Le prime indicazioni della legge di Bilancio per il 2023 dicono che al posto della riduzione delle forme contrattuali non standard, si re-introducono, potenziandoli rispetto al passato, i buoni lavoro aboliti dal Governo Gentiloni nel 2017 anche sulla spinta del referendum promosso dalla CGIL. I nuovi buoni si applicherebbero ai settori dell’agricoltura, dell’Ho.re.ca (hotel, ristoranti, caffè) e della cura della persona e potrebbero arrivare a coprire fino a 10.000 euro di remunerazione all’anno (in precedenza il limite era 5000). 10.000 euro non è lontano da uno stipendio “normale” povero. Perché un’impresa dovrebbe, allora, ricorrere a rapporti di lavoro regolati quando i buoni permettono di non pagare contributi per disoccupazione, malattia e maternità? Si citano i controlli, ma i controlli non eliminano la deregolamentazione contrattuale e, comunque, almeno in passato, i buoni sono stati addirittura utilizzati come tutela di ultima istanza per chi utilizza i lavoratori al nero. Anche oggi, la consistenza numerica degli ispettori, la polverizzazione del comparto in cui i buoni possono essere utilizzati e le non risolte difficoltà organizzative relative all’unificazione delle competenze nell’Ispettorato nazionale del lavoro gettano più di un dubbio sulla possibilità dei controlli.

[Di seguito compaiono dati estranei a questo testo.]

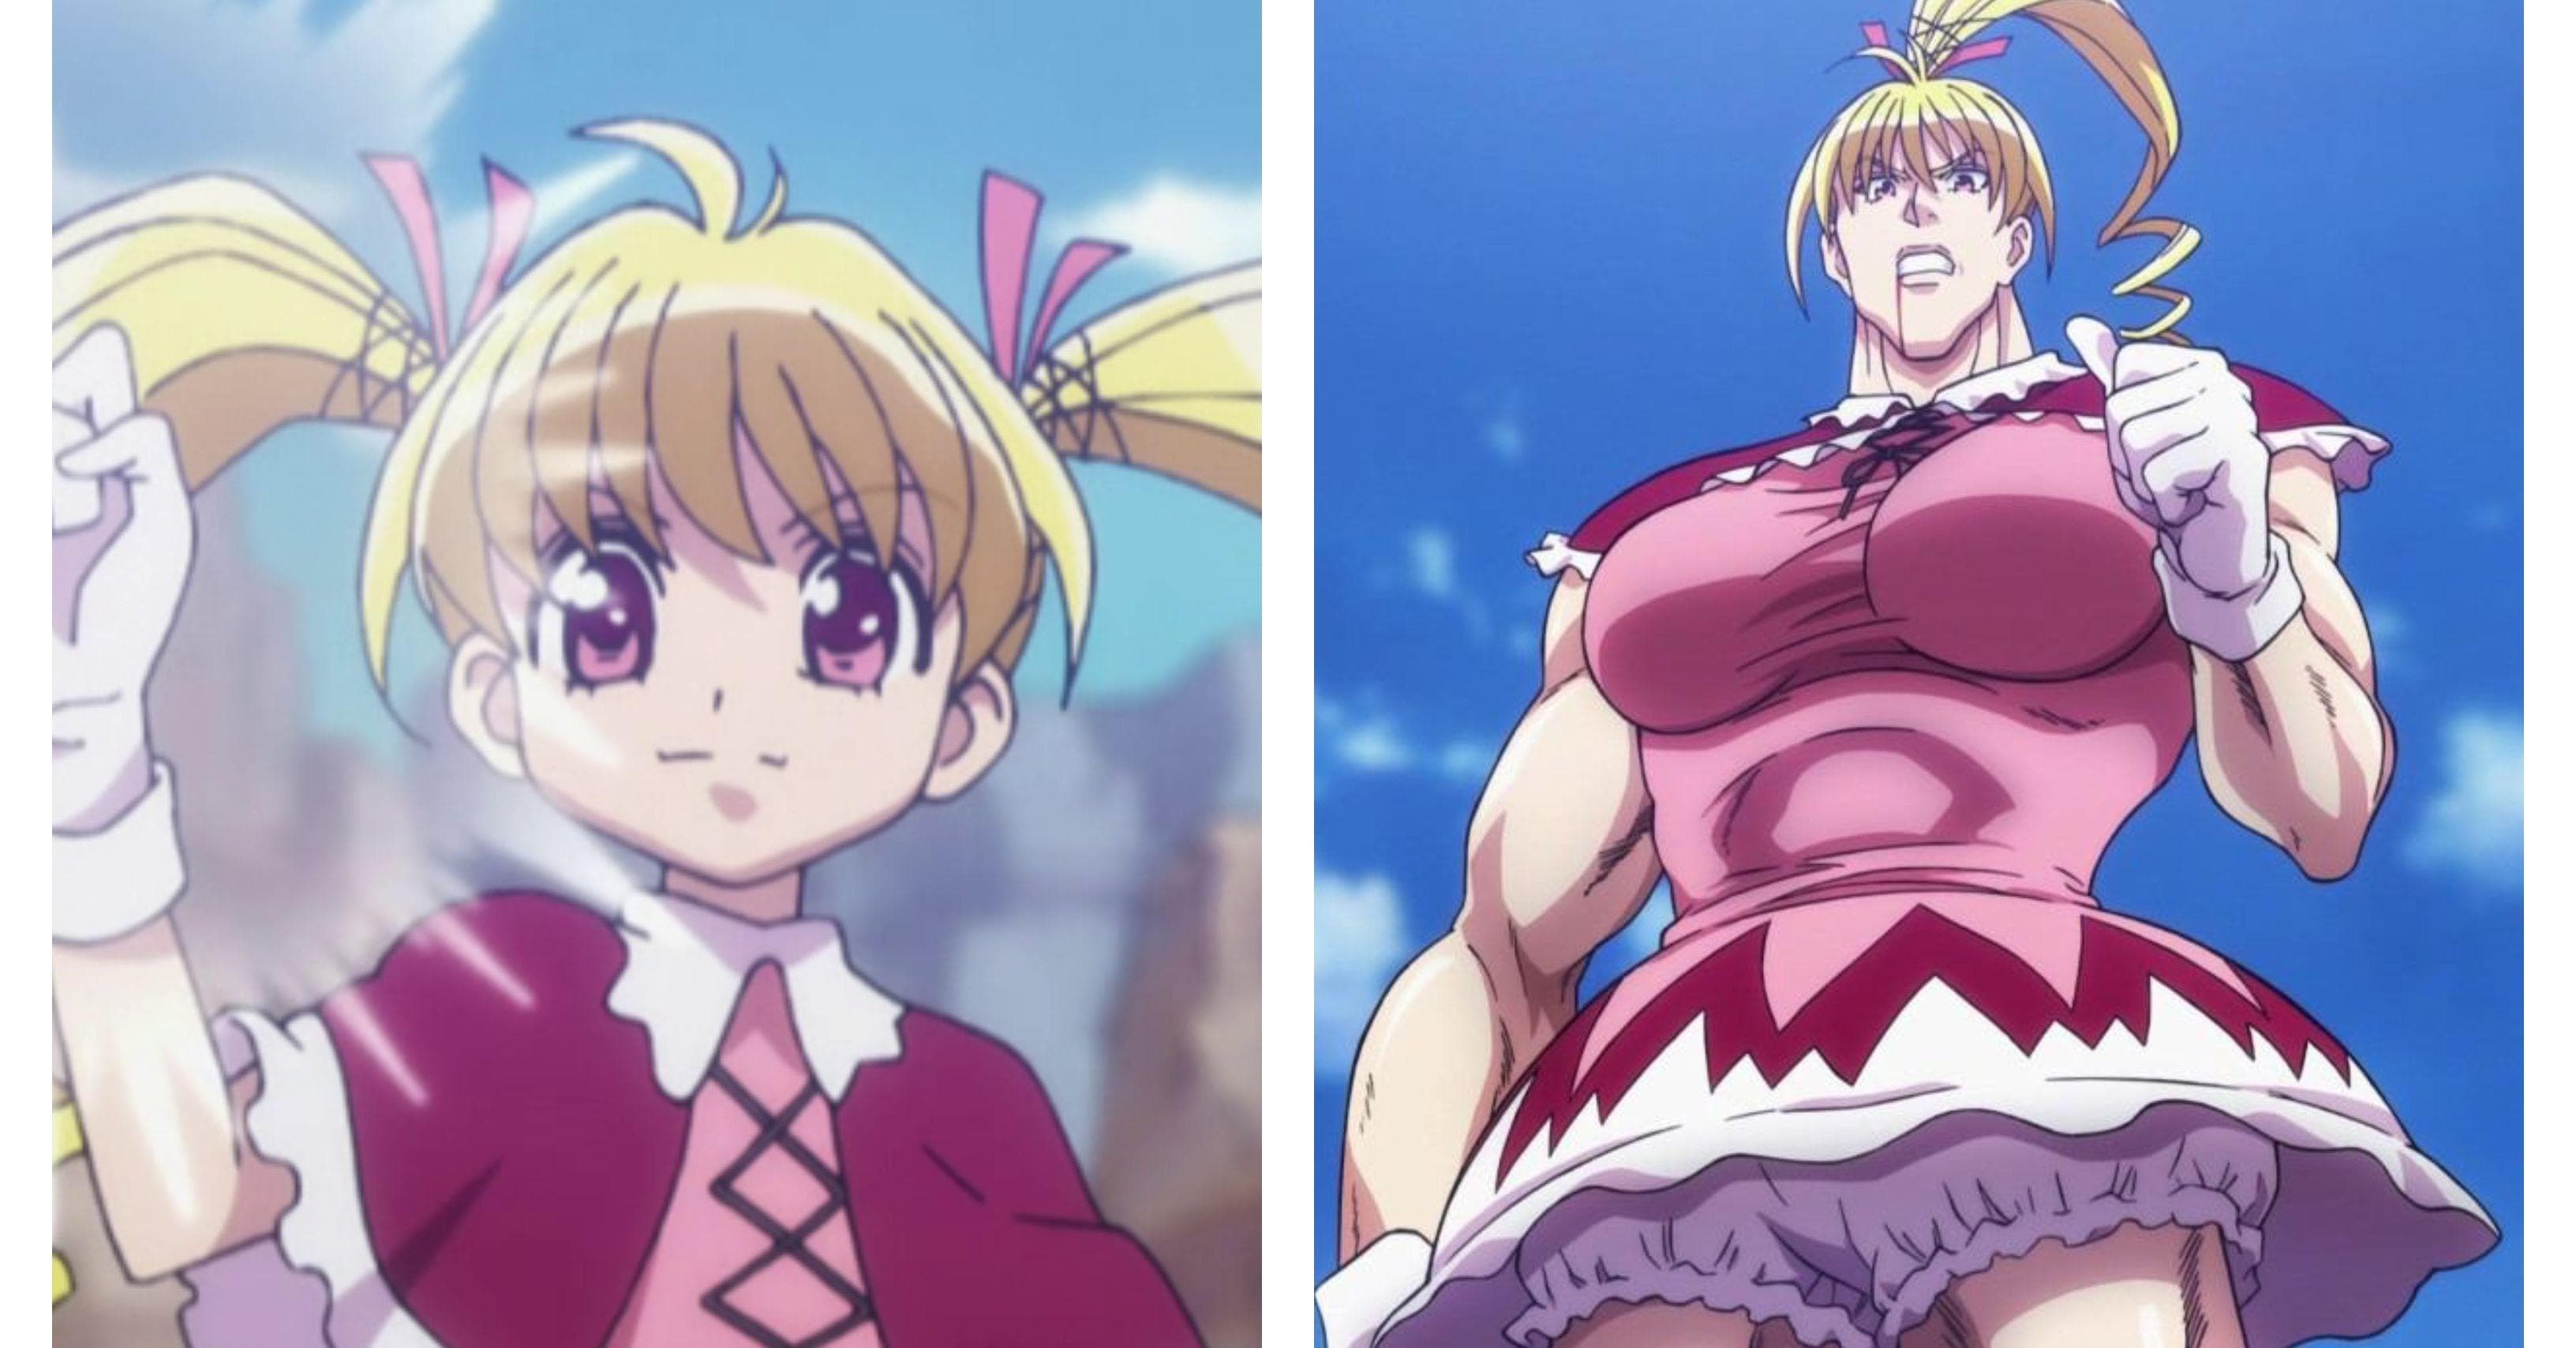 10 Most Muscular Anime Heroes Of All Time, Ranked

Si consideri poi l’intervento sul reddito di cittadinanza: anziché impegnarsi ad offrire lavori decenti, si toglie il reddito a chi rifiuta il lavoro, anche se a centinaia di chilometri dalla propria residenza, e fra otto mesi a tutti gli “occupabili”.

Infine, flat tax e accettazione di un “normale” tasso di evasione, anche grazie a una revisione dell’Isee che, come ben dimostrano De Nicola e Paladini premia l’evasione, segnalano la sostanziale rinuncia a pensare a uno schema universale di protezione del reddito. Offrire qualche regalo individuale (peraltro limitato solo ad alcune categorie), oltre a essere in sé ingiusto, rappresenta una forma di protezione del tutto inefficace ai fini della copertura dei rischi sociali. La lezione del Covid appare del tutto dimenticata. E ultima, esemplificativa, chicca: la detassazione per le mance. Difficile pensare a una crescita inclusiva, con queste misure.